Using technology in the classroom. This topic is a that sometimes has teachers, students, parents, and administrators up in arms. Why can't we have the latest and greatest technology in our classroom? Just because a kind of technology (computers, calculators, paper, pencils...) might be new and ready for public consumption doesn't mean that it is automatically ready to used in the schools and in the classroom. A question has to be asked, "What is the educational benefit of having this new piece of technology and what is it going to provide that isn't being provided now?"

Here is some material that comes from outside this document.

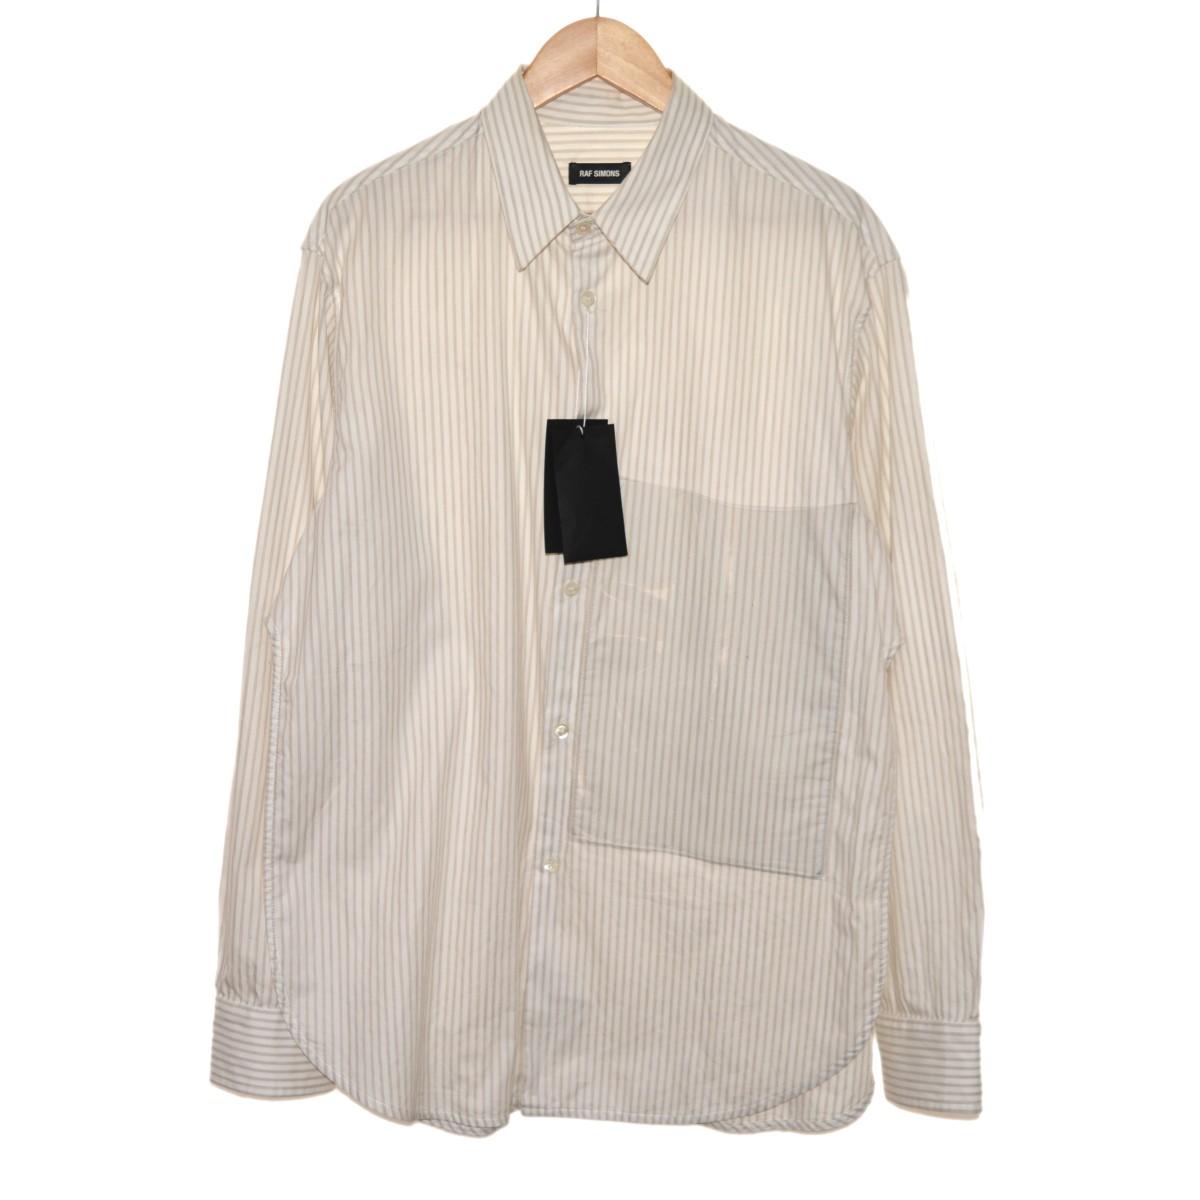 【中古】RAF SIMONS 18AW クリアパッチ付きストライプシャツ ホワイト×ベージュ サイズ:48 【140320】(ラフシモンズ)
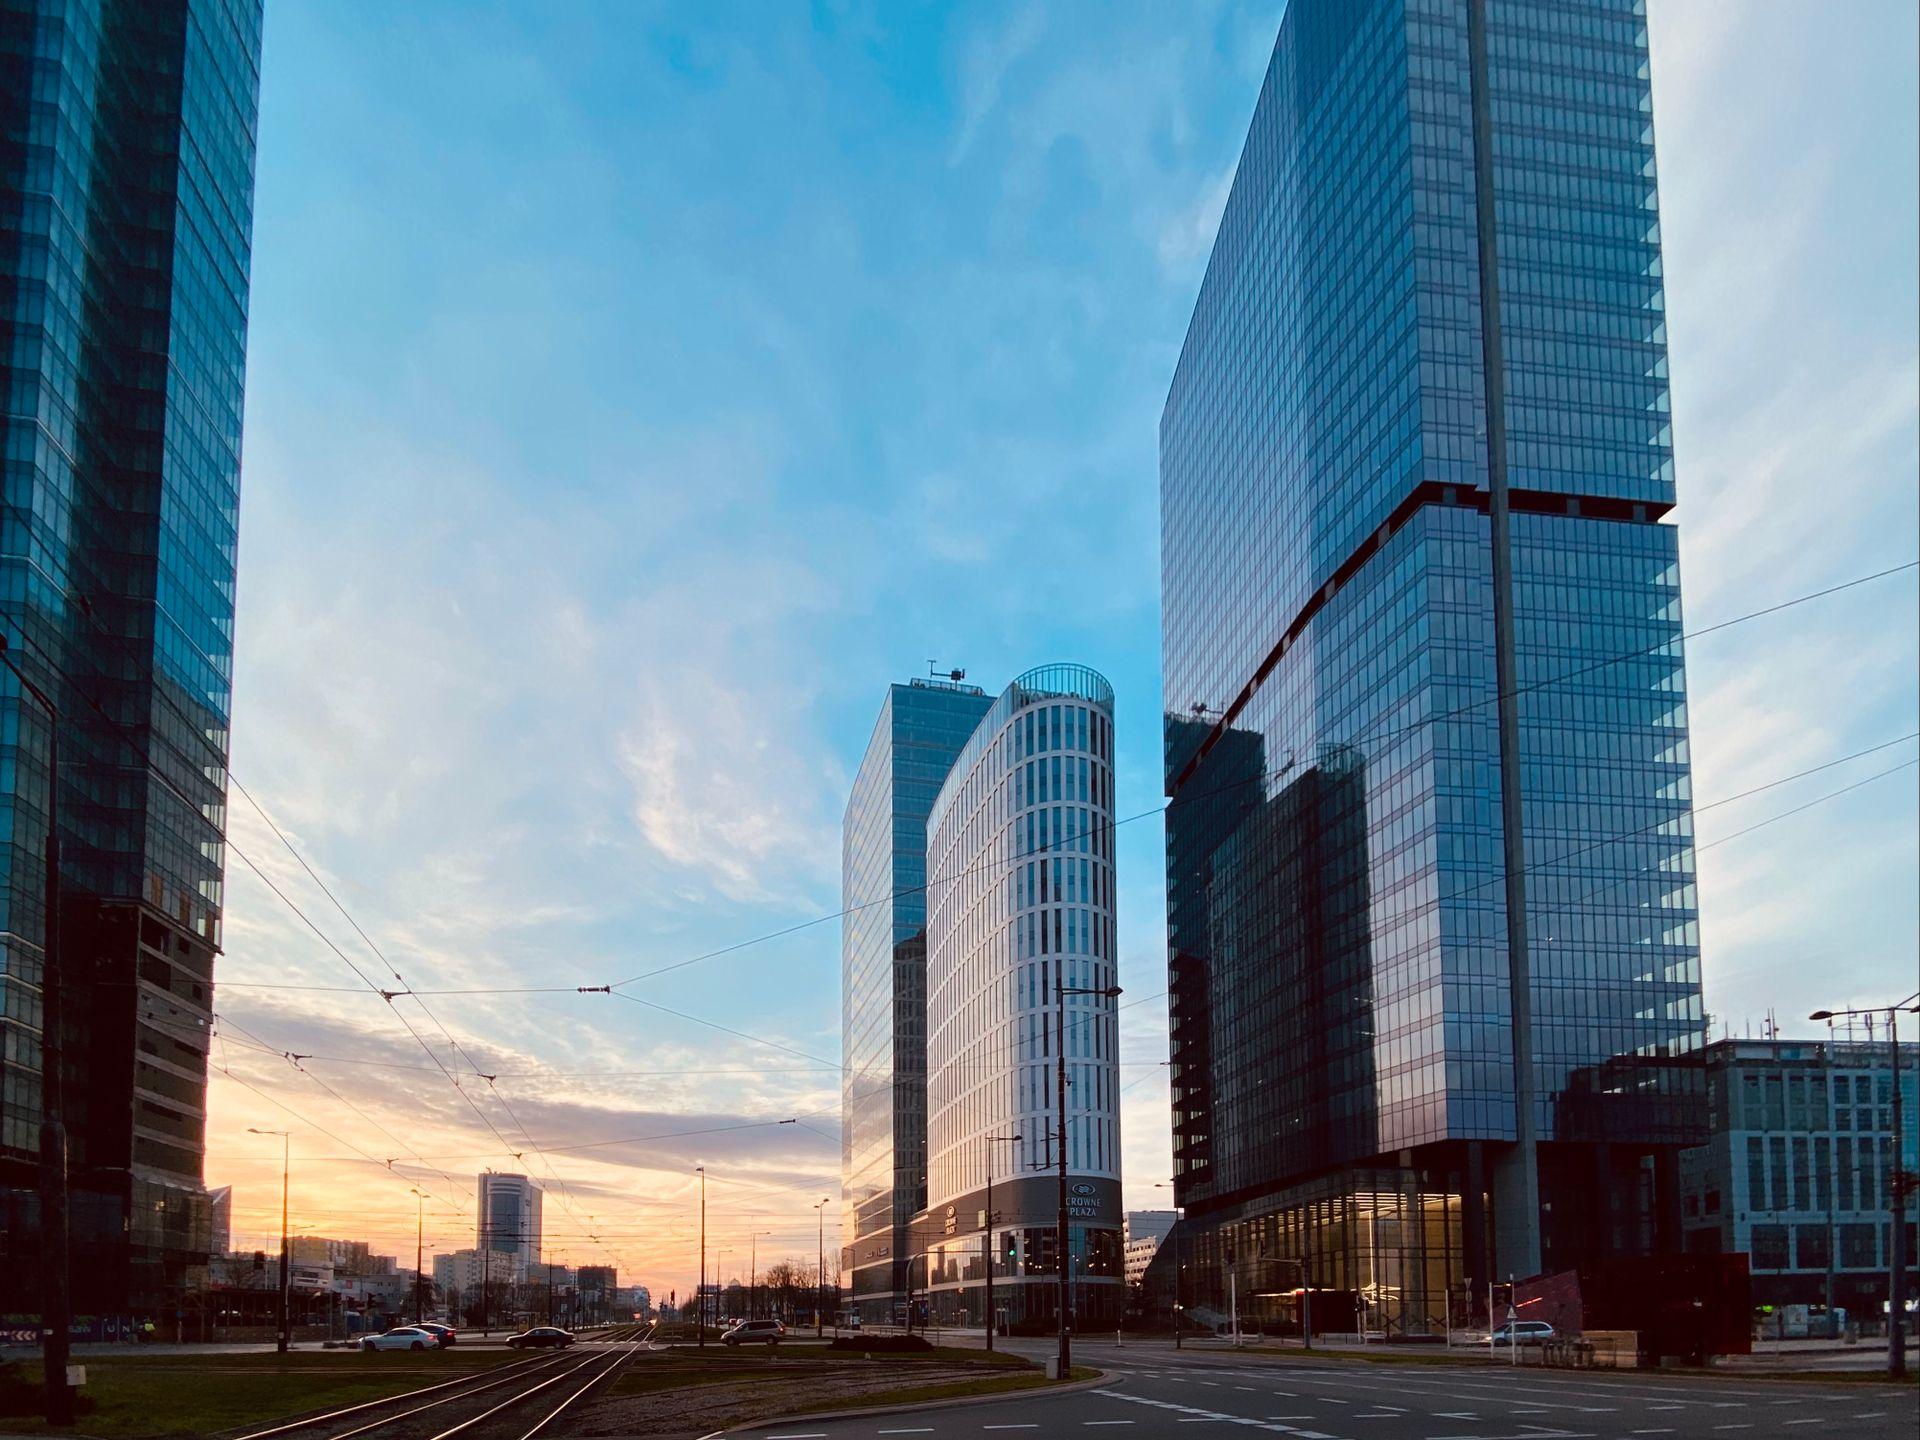 Znany globalny bank Standard Chartered zwiększy zatrudnienie w Warszawie

Teachers trying to answer the questions for themselves have brought into the classroom a use for publishing blogs, making a use of iPods other than a distraction in the classroom, and making the Internet more of a class wide presentation tool than a passive means of searching for information. Blogs provide a space for teachers to post lesson plans, process about the school day, and communicate with other like (or un-like minded) people. Blogs can also provide a place for student work to be published and shared to the community of students and staff or the world. Podcasts, an audio version of blogging, can give the auditory cues and voice inflection that isn't sometimes carried through the written word.

While this isn't necessarily the latest technology be invented, it is an effective means of using new technology and providing some kind of educational benefit to the students or professional who read or listen. I don't think the schools are ready for nanobots to be used to help students not fall asleep in class.